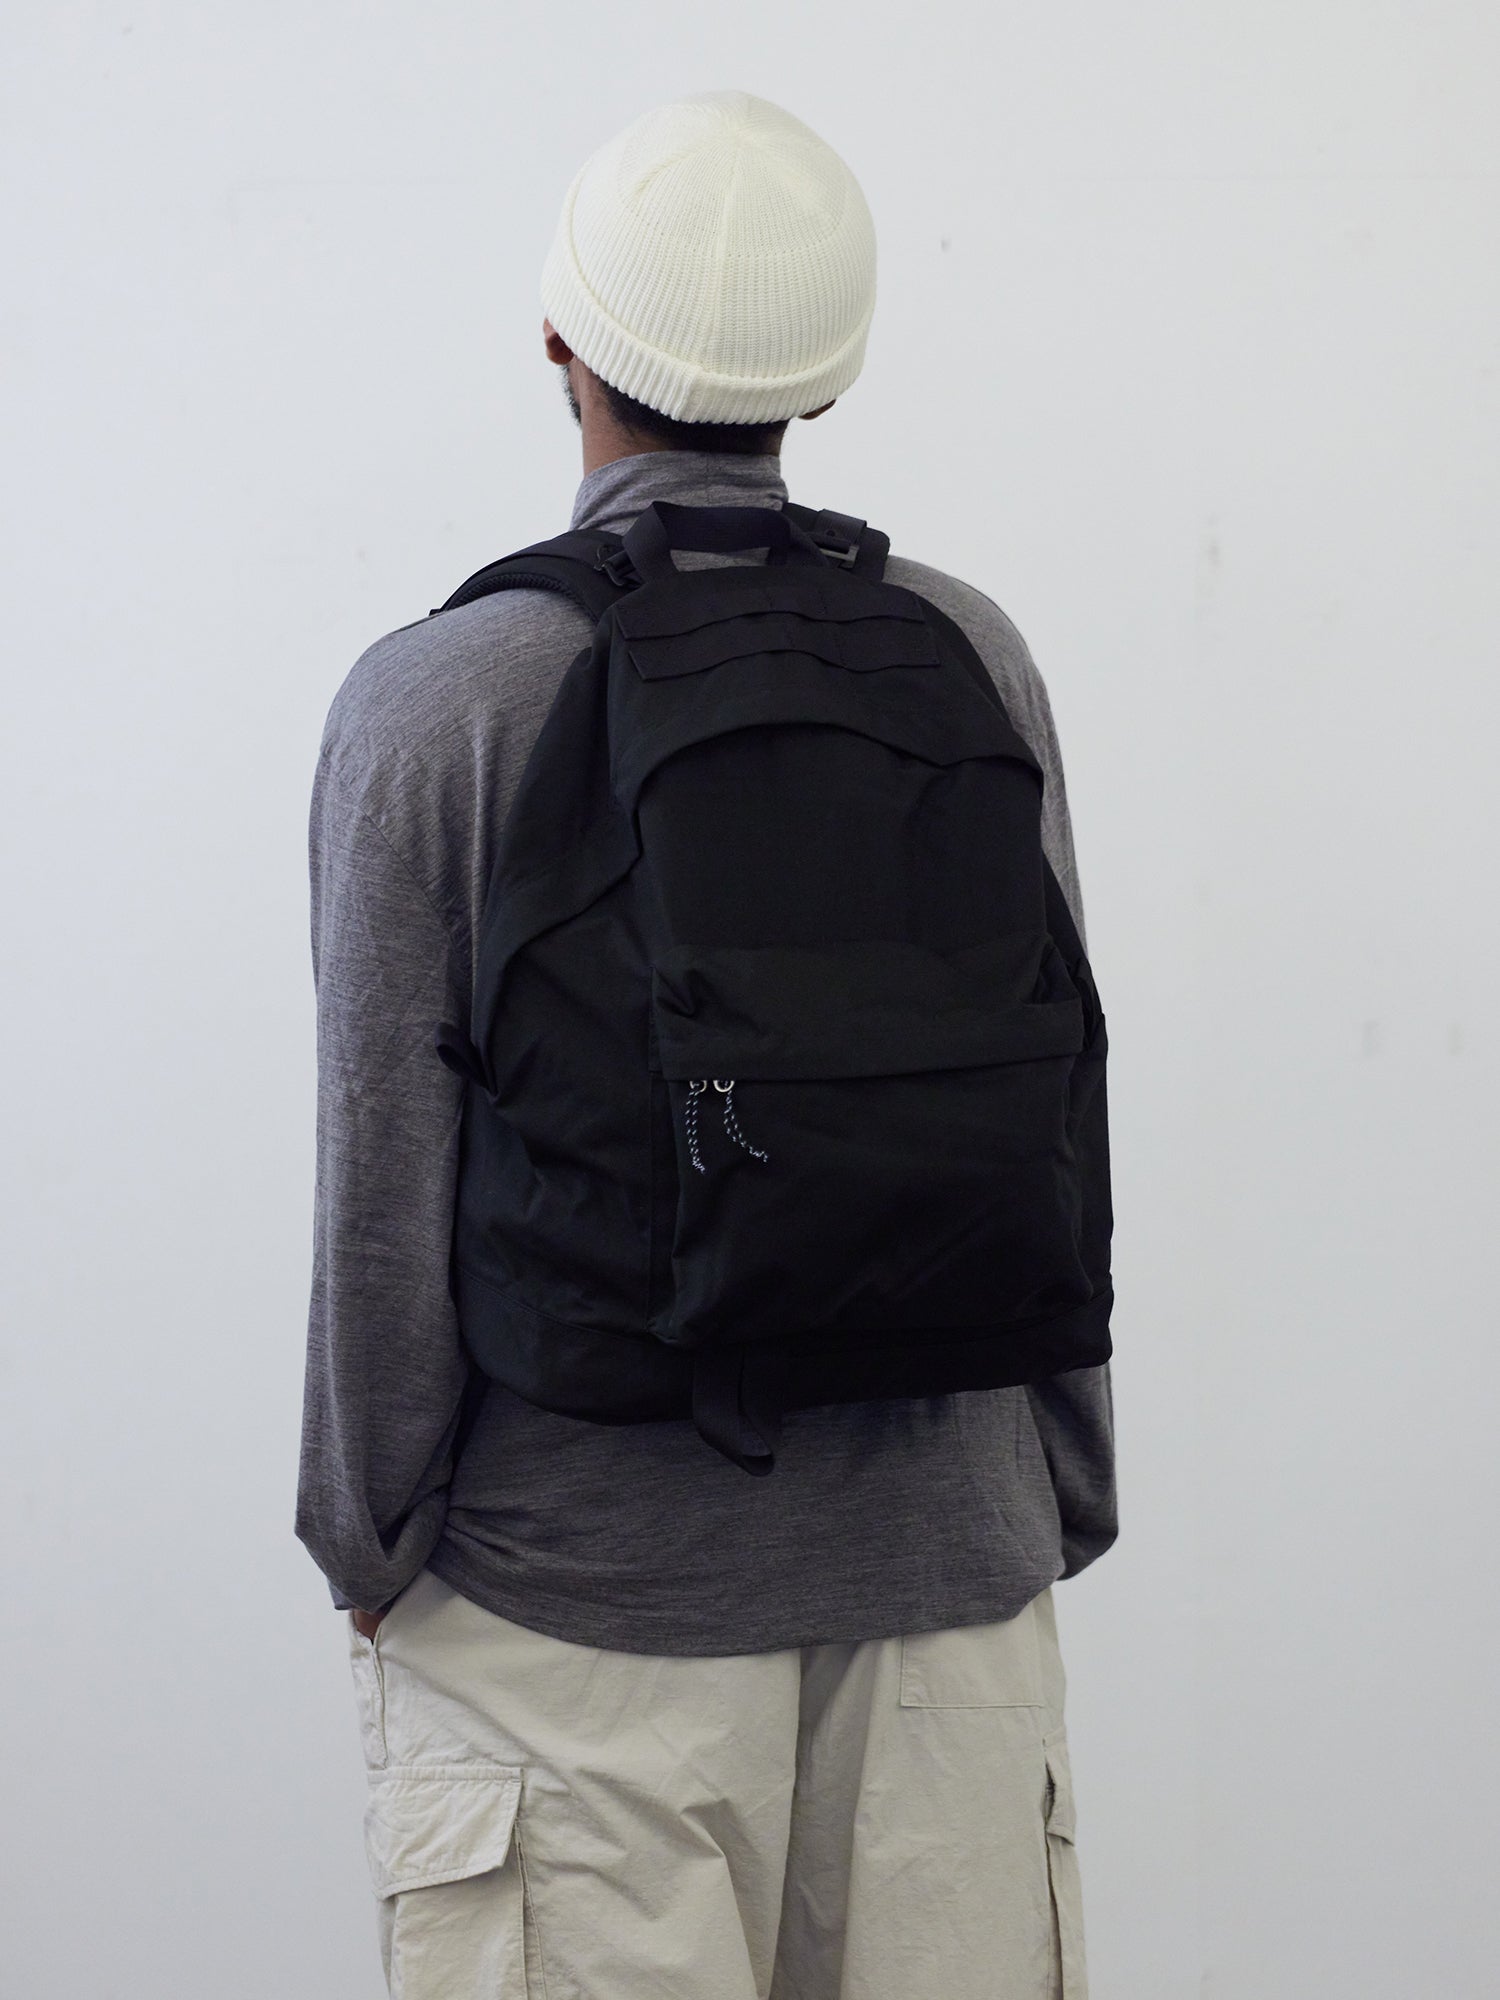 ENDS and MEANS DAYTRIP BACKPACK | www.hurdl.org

*****

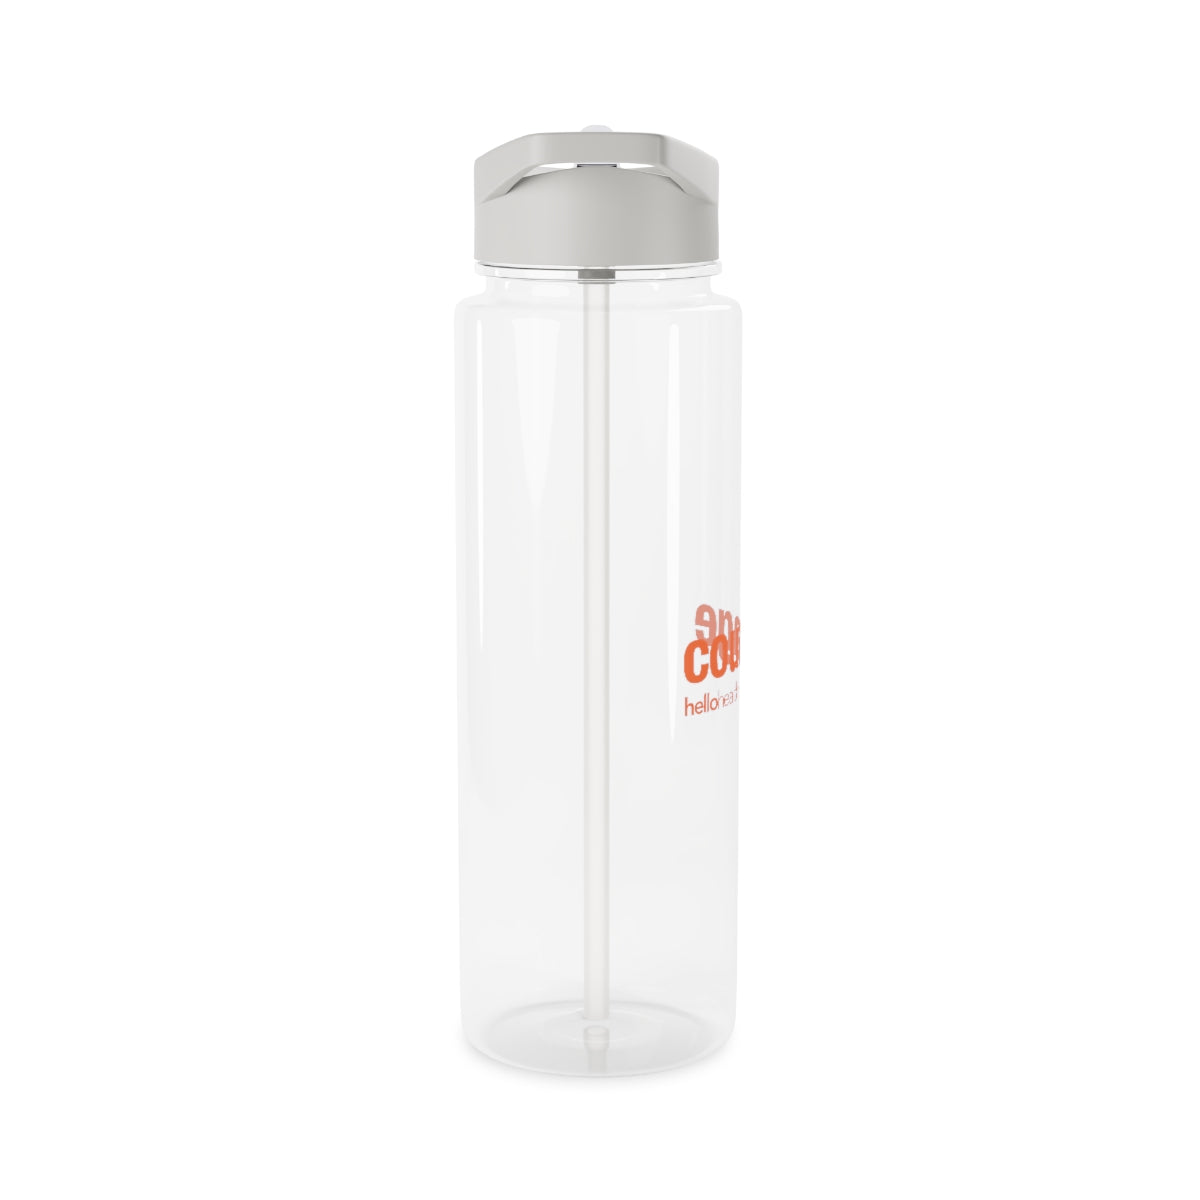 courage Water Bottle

*****

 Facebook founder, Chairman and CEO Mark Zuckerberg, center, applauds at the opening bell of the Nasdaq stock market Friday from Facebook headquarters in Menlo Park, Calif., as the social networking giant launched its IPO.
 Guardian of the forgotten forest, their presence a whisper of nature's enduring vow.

*****

ACTIVITY:
Quote the listing above, but only from the line that shows "Facebook founder, Chairman" through the line that shows "Guardian of the".

EXERCISE ANSWER:
 Facebook founder, Chairman and CEO Mark Zuckerberg, center, applauds at the opening bell of the Nasdaq stock market Friday from Facebook headquarters in Menlo Park, Calif., as the social networking giant launched its IPO.
 Guardian of the forgotten forest, their presence a whisper of nature's enduring vow.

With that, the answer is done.